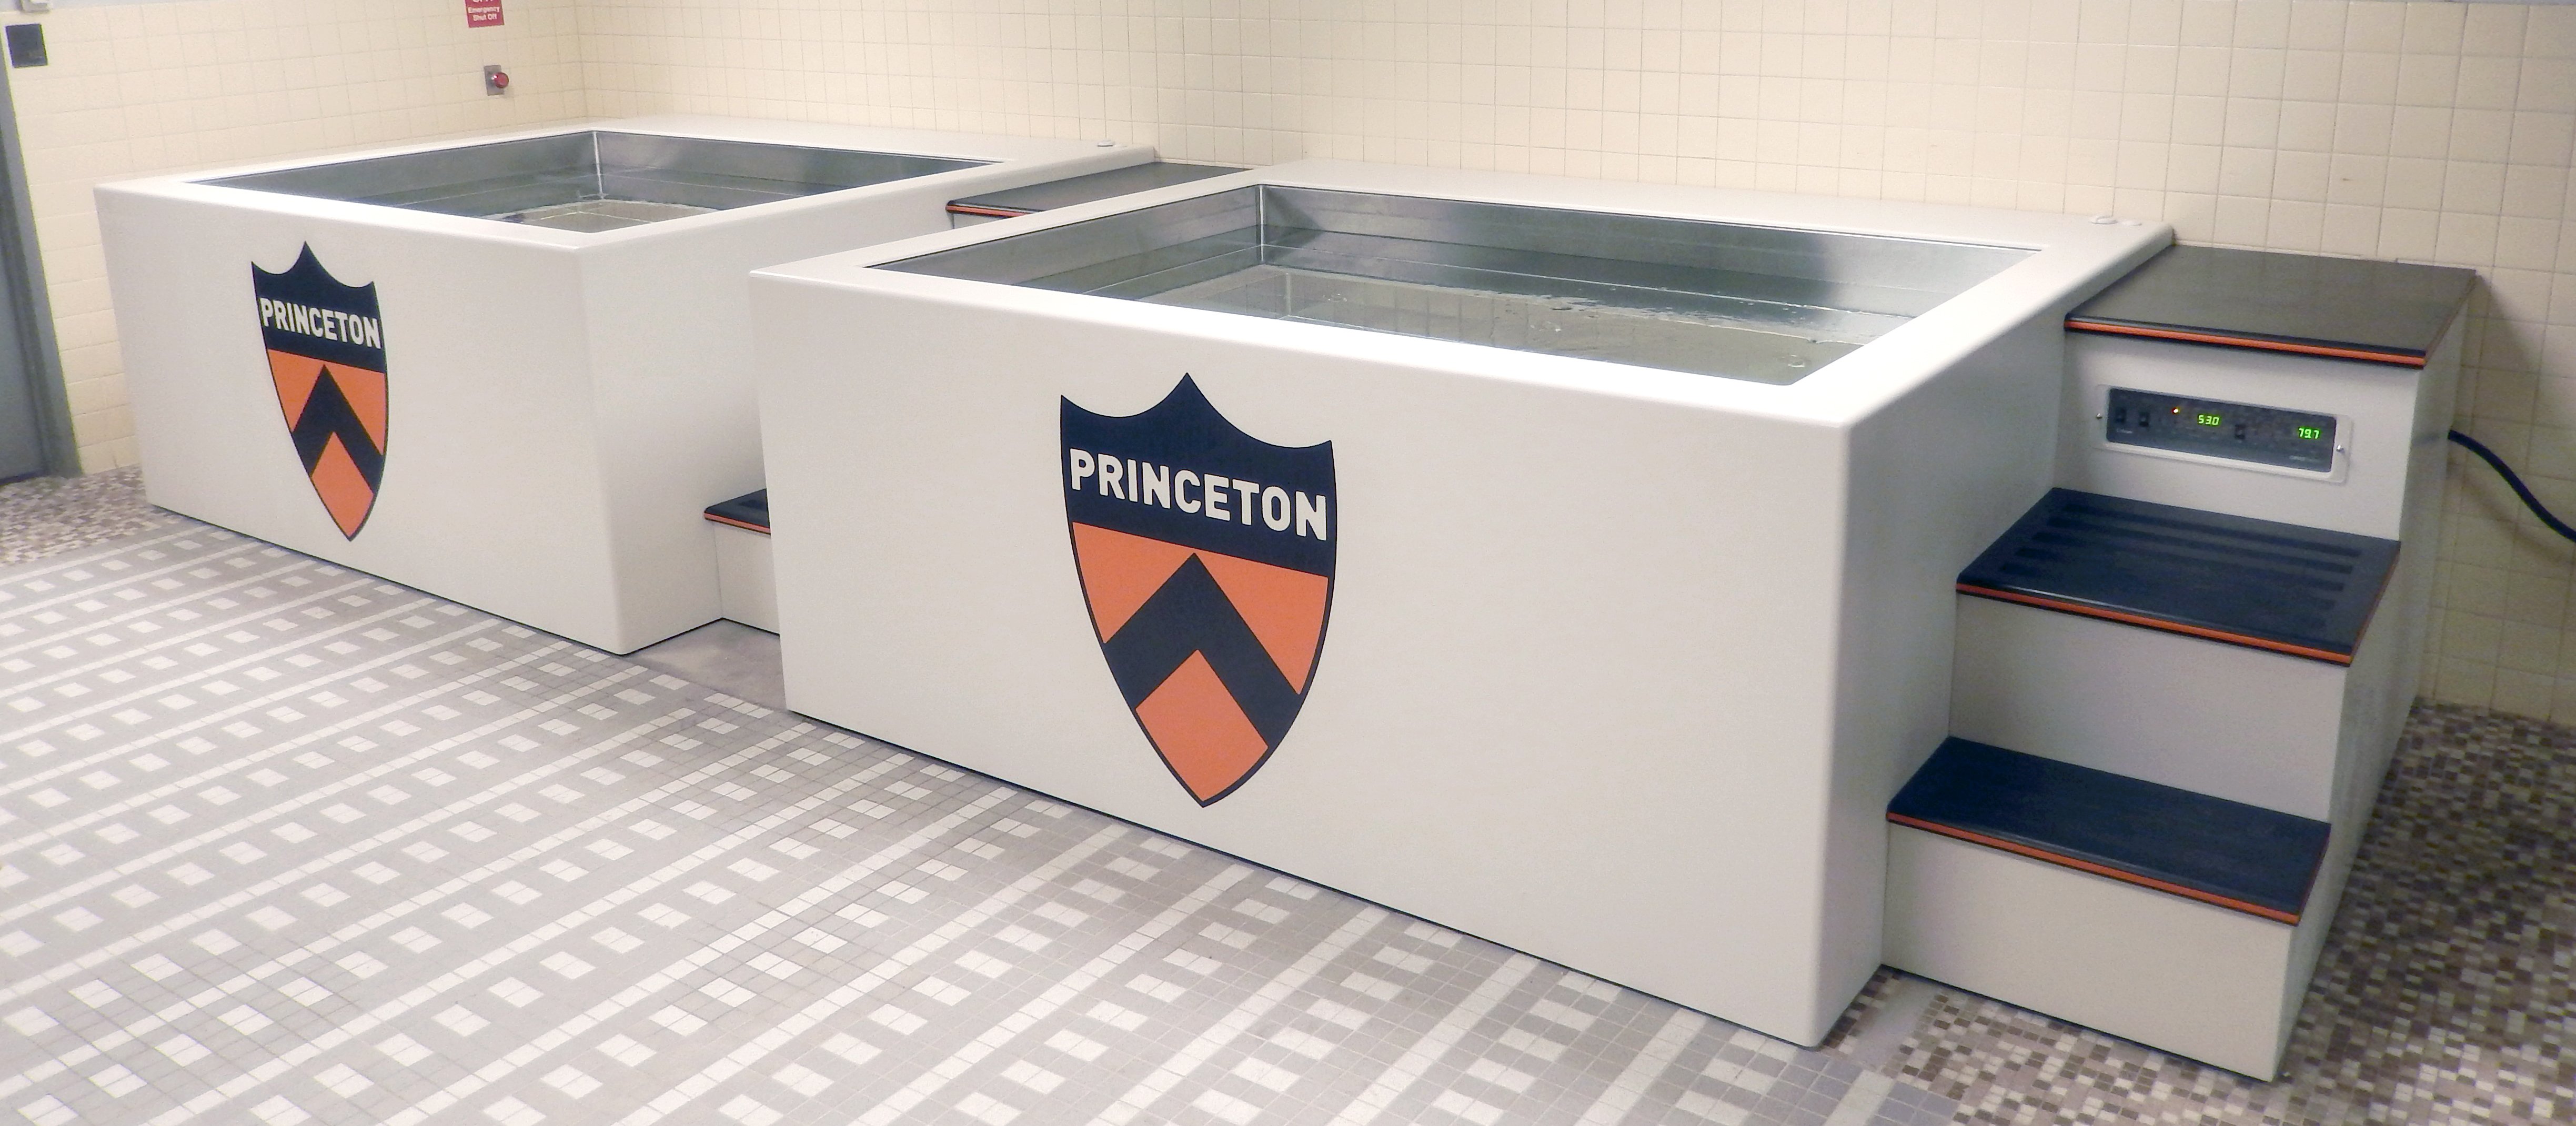 Princeton University CustomFit CRYOTherm hydrotherapy system grimm scientific industries
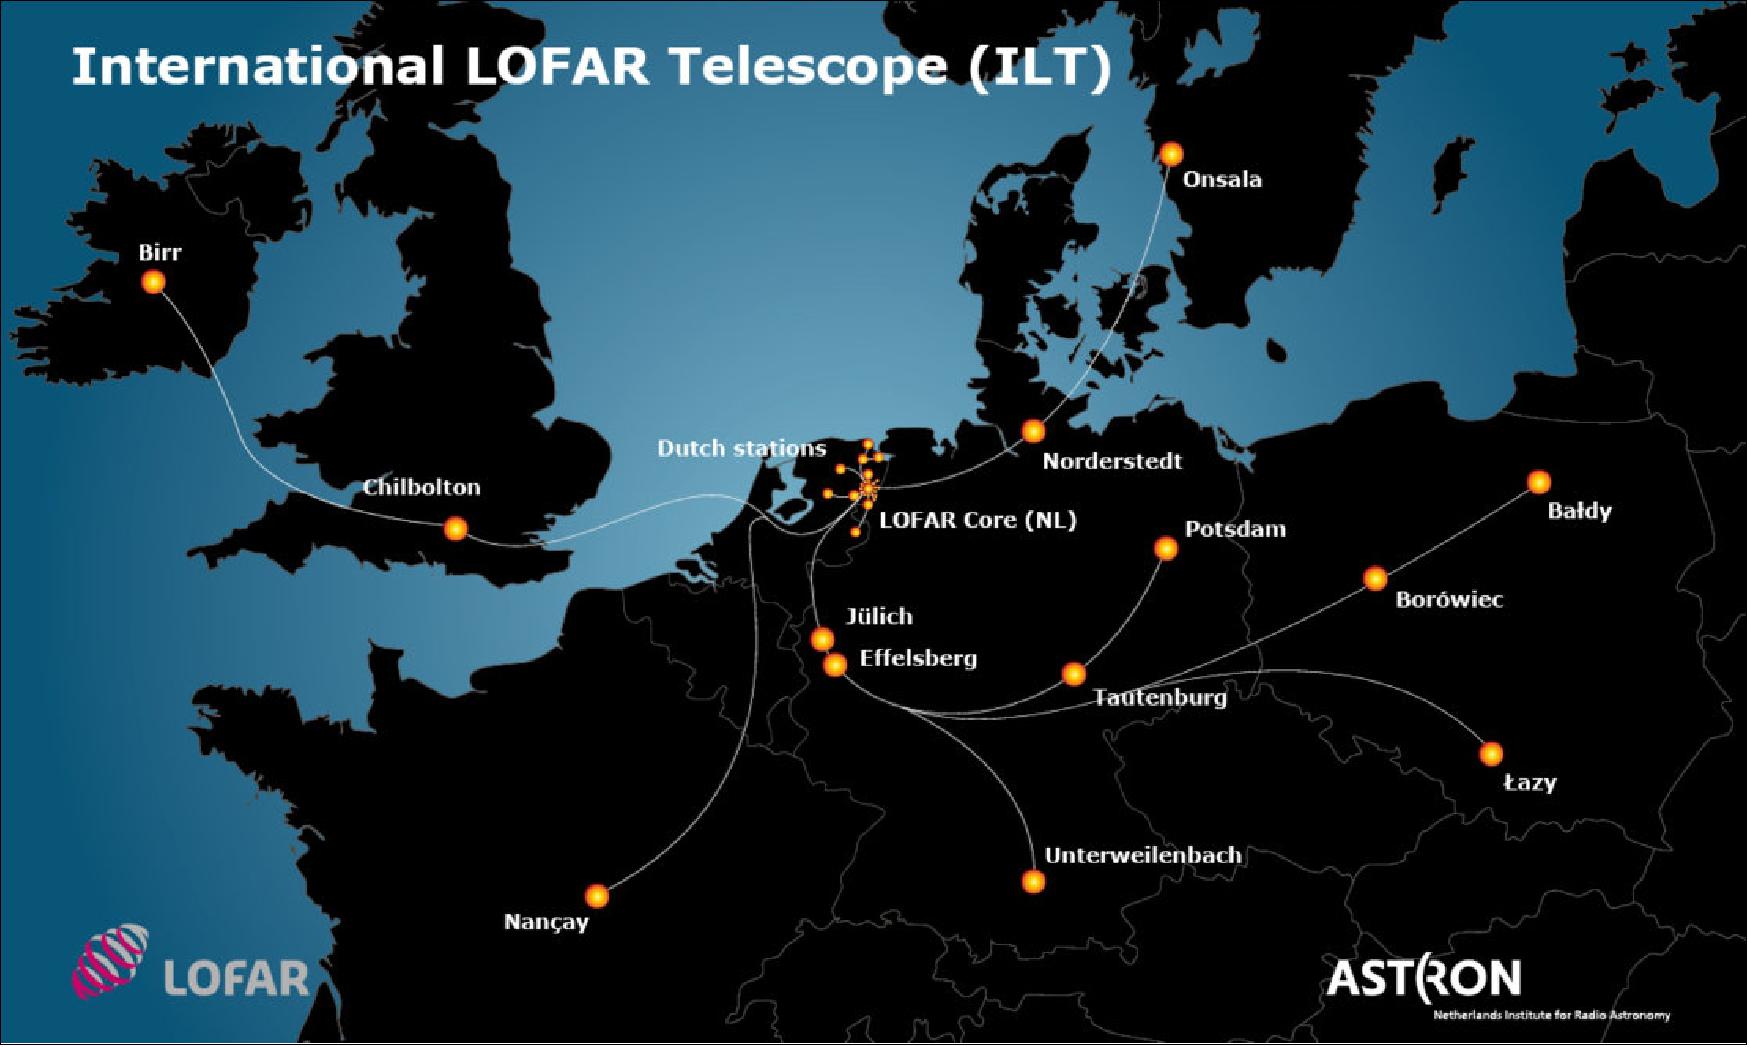 Figure 4: Locations of the International LOFAR Telescope for radio astronomy. The Lofar, operated by the Astron Netherlands Institute for Radio Astronomy, consists of 51 antenna stations from Sweden to Ireland and Poland tasked with studying some of the lowest frequencies that can be observed from Earth, probing the primordial era before stars and galaxies were formed (image credit: LOFAR/Astron)
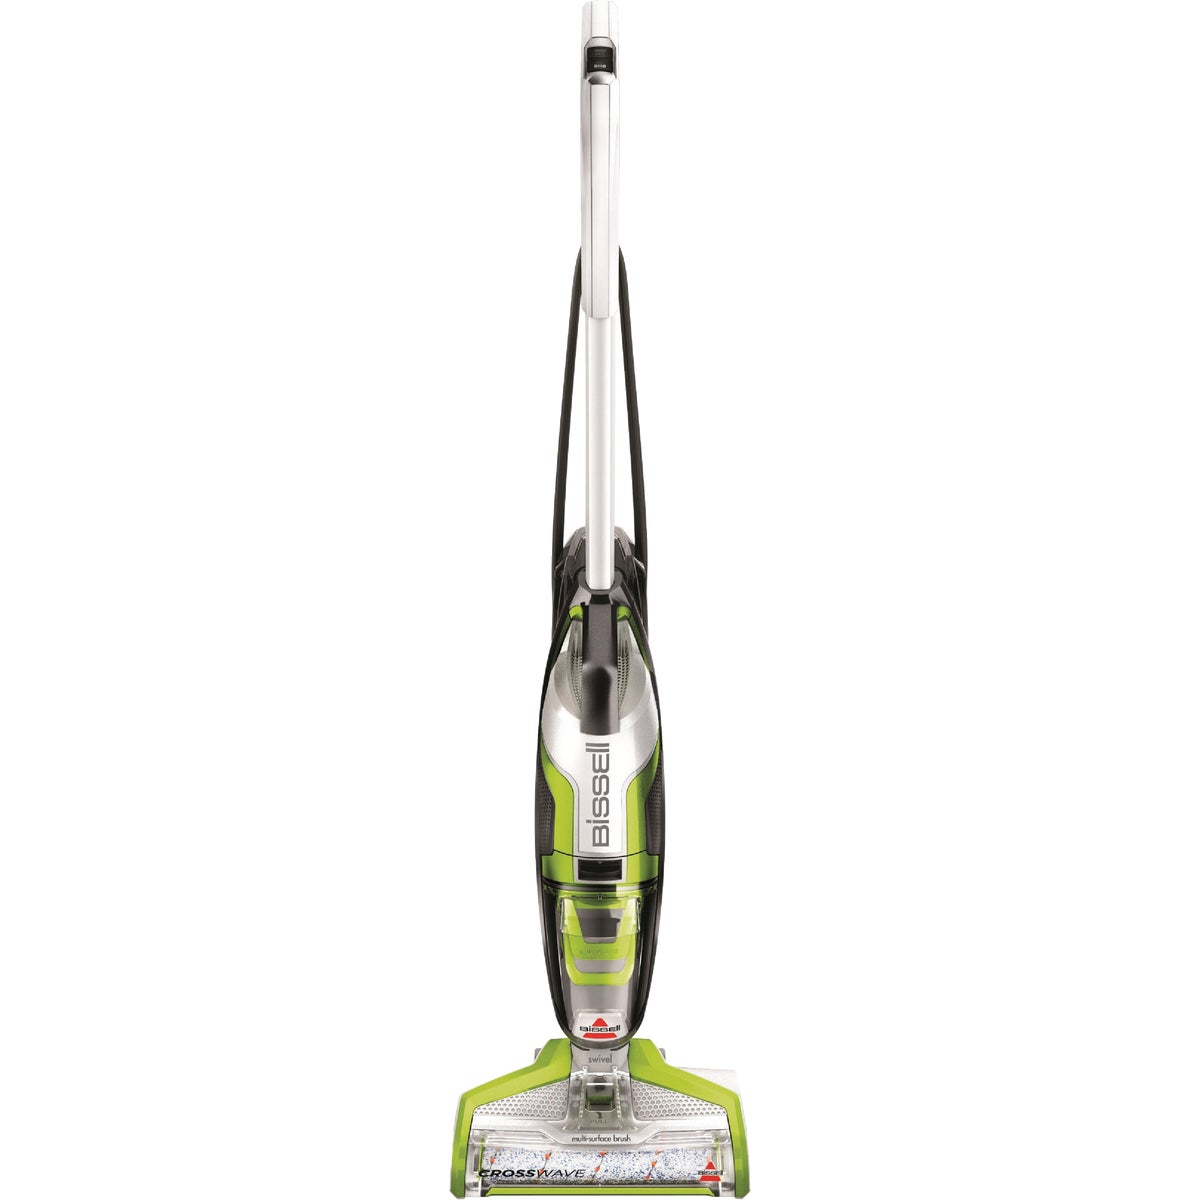 Item 602568, Vacuums and washes floors at the same time with the all-in-one Bissell 
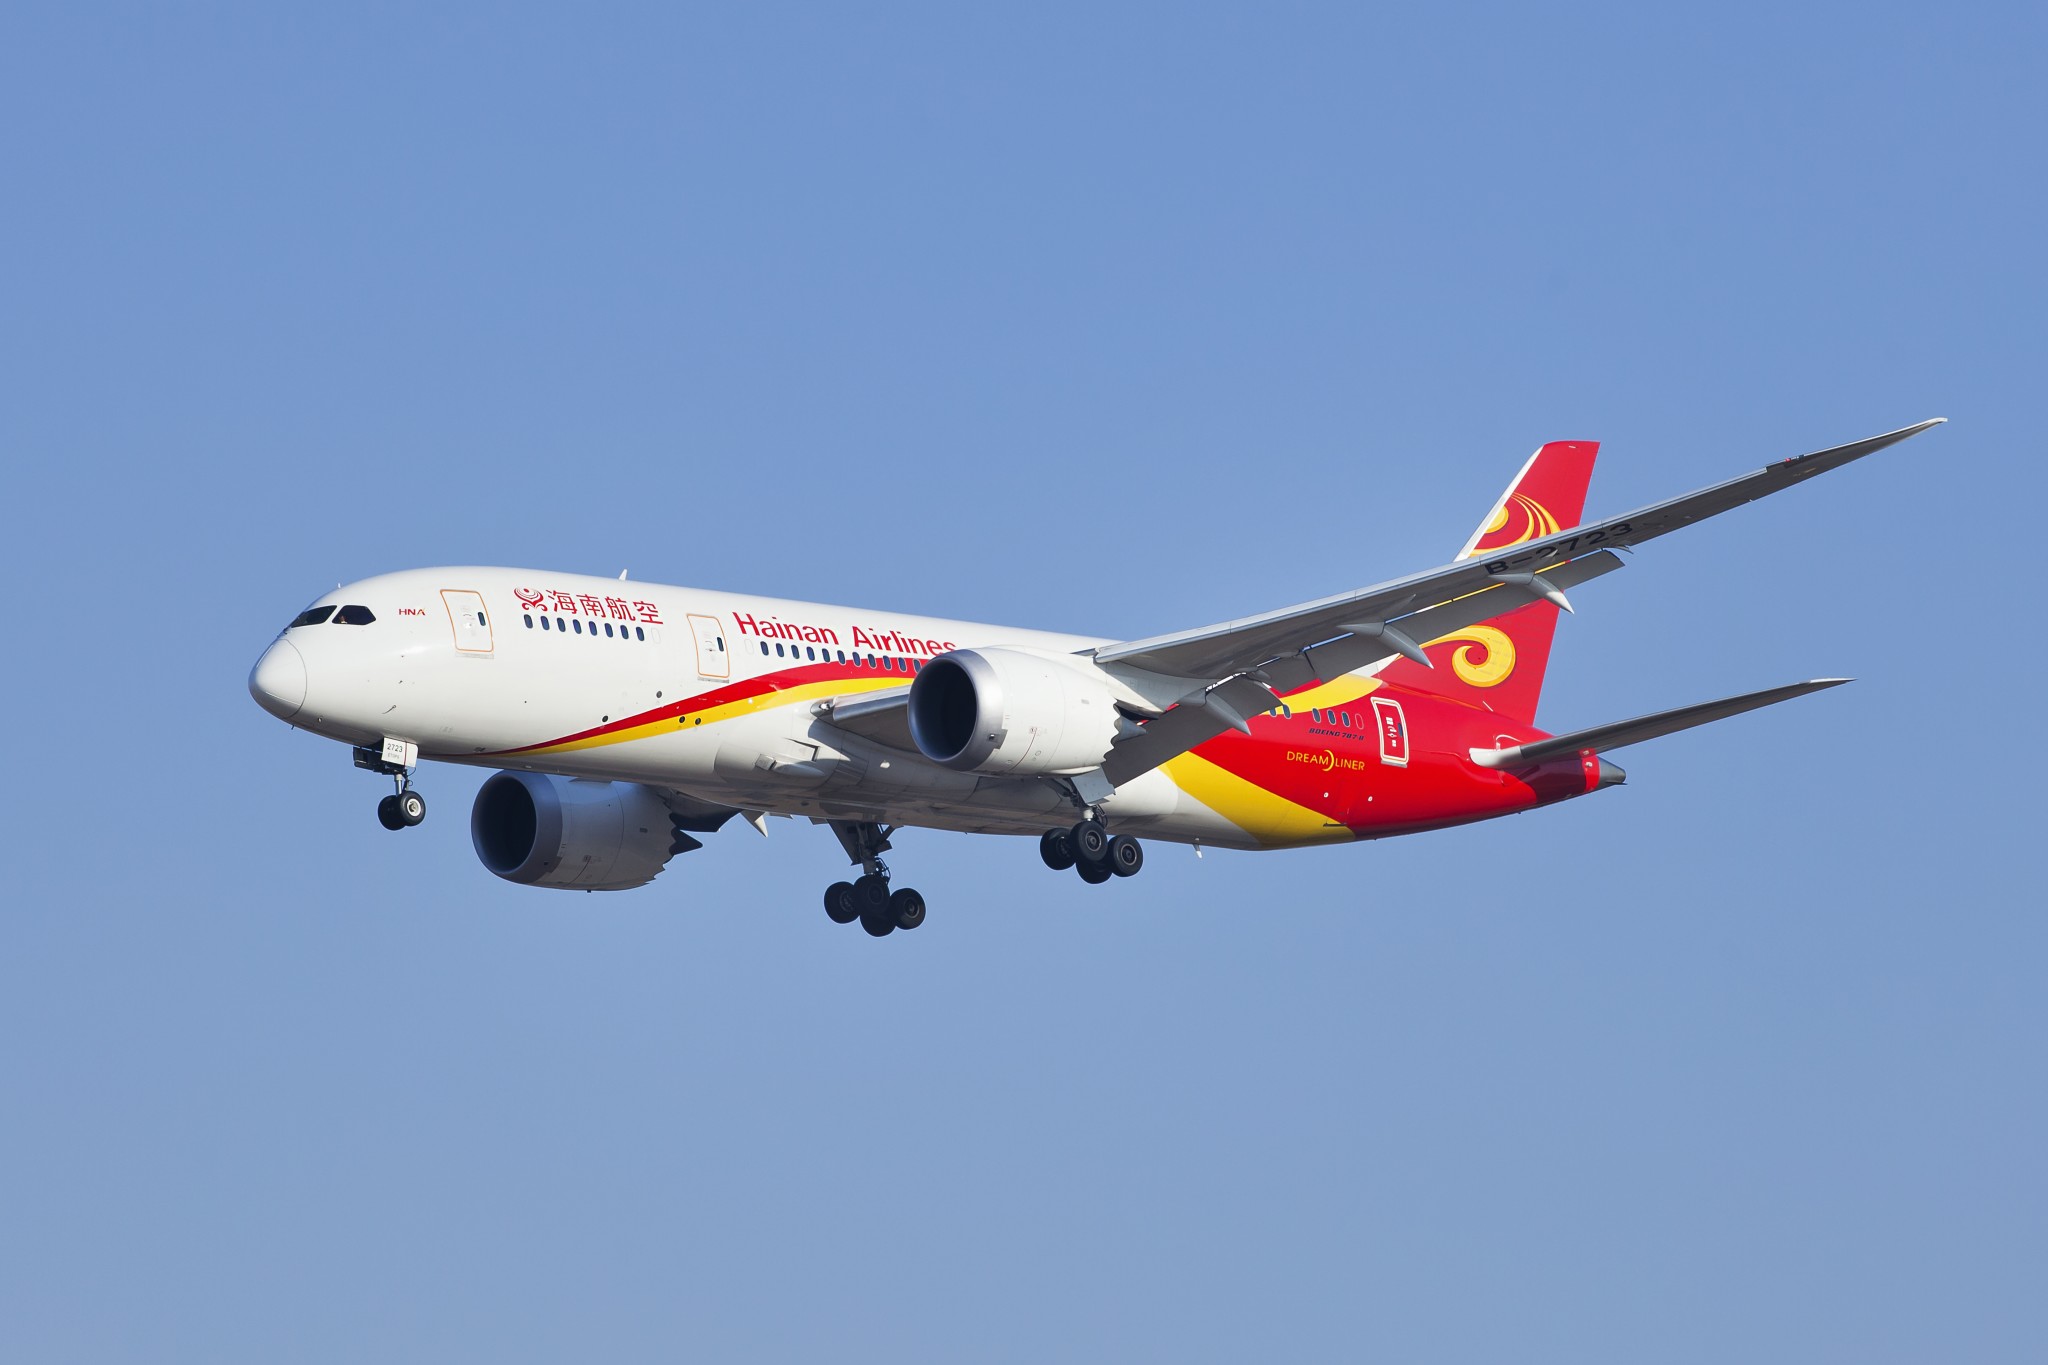 Hainan and Iberia launch codeshare agreement for China and Spain destinations

◆ ASSIGNED TASK ◆
Starting with the line that holds "Item 602568, Vacuums", reproduce exactly each line up to and including the last line of the material above, and drop the pictures.

◆ WRITTEN ANSWER ◆
 Item 602568, Vacuums and washes floors at the same time with the all-in-one Bissell 
 Hainan and Iberia launch codeshare agreement for China and Spain destinations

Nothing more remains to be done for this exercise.